We decided to create a service with Spring WebFlux, the reactive framework, to have non blocking requests and then better performance with functional endpoints. We used Reactor for the best integration with Spring.

1 — Integration testing with Bigtable

Integration tests call the API with multiple payloads/headers and check if the response is as expected. To do so, we needed a Bigtable instance behind our service, as we wanted real life tests.

This instance needs to be cleaned on each run to start from the same state each time.

The solution was to use the Bigtable emulator present in the Bigtable client SDK. The SDK is very rich and has more features like admin management and monitoring.

2 — Deployment and infrastructure

Our GCP infrastructure is on top of Google Kubernetes and Istio. We manage the whole thing with Helm and Flux.

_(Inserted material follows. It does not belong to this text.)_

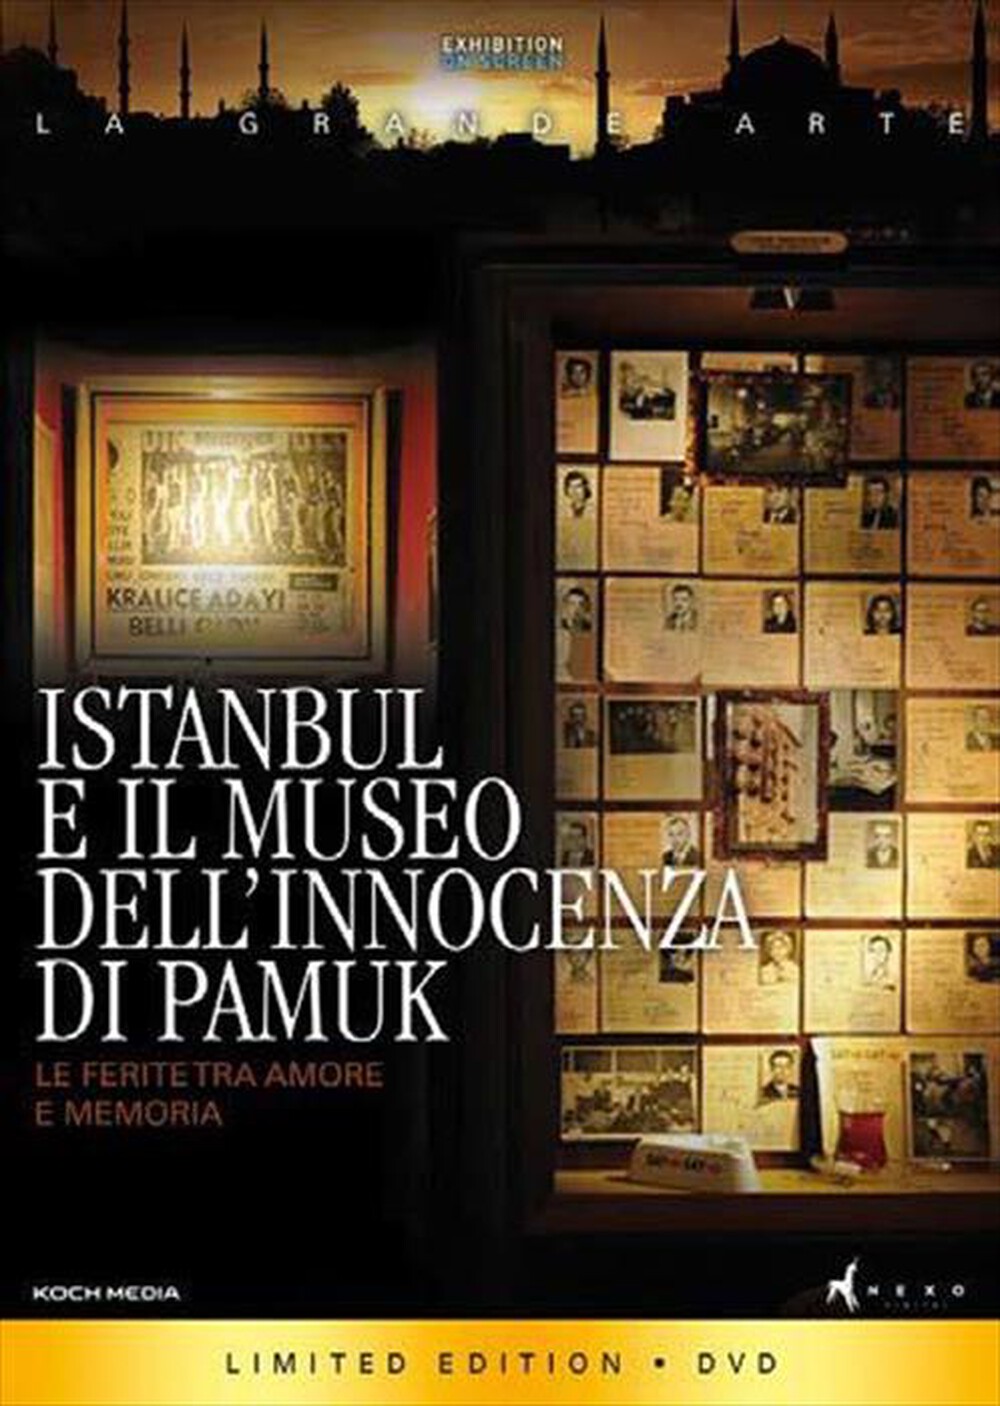 "KOCH MEDIA - Istanbul E Il Museo Dell'Innocenza Di Pamuk"

Other articles are coming on our blog to go into more details about our infrastructure!

Of course, our service had classic monitoring, logging and alerting ends, without them we wouldn’t be able to run it go live, based on Prometheus/Grafana and ELK.

Final thoughts

In order to manage the large amounts of data, we went to Bigtable thanks to its ability to scale. We had multiple challenges like defining the data schema with Bigtable keying pattern, moving large amounts of data from a SQL on premise database to a managed NoSQL, testing and monitoring the whole thing.

At first we deployed the service on our on-premise datacenter, and by moving to GCP we divided the latency by three. Our Community Relations Teams now have quicker response times and are thrilled.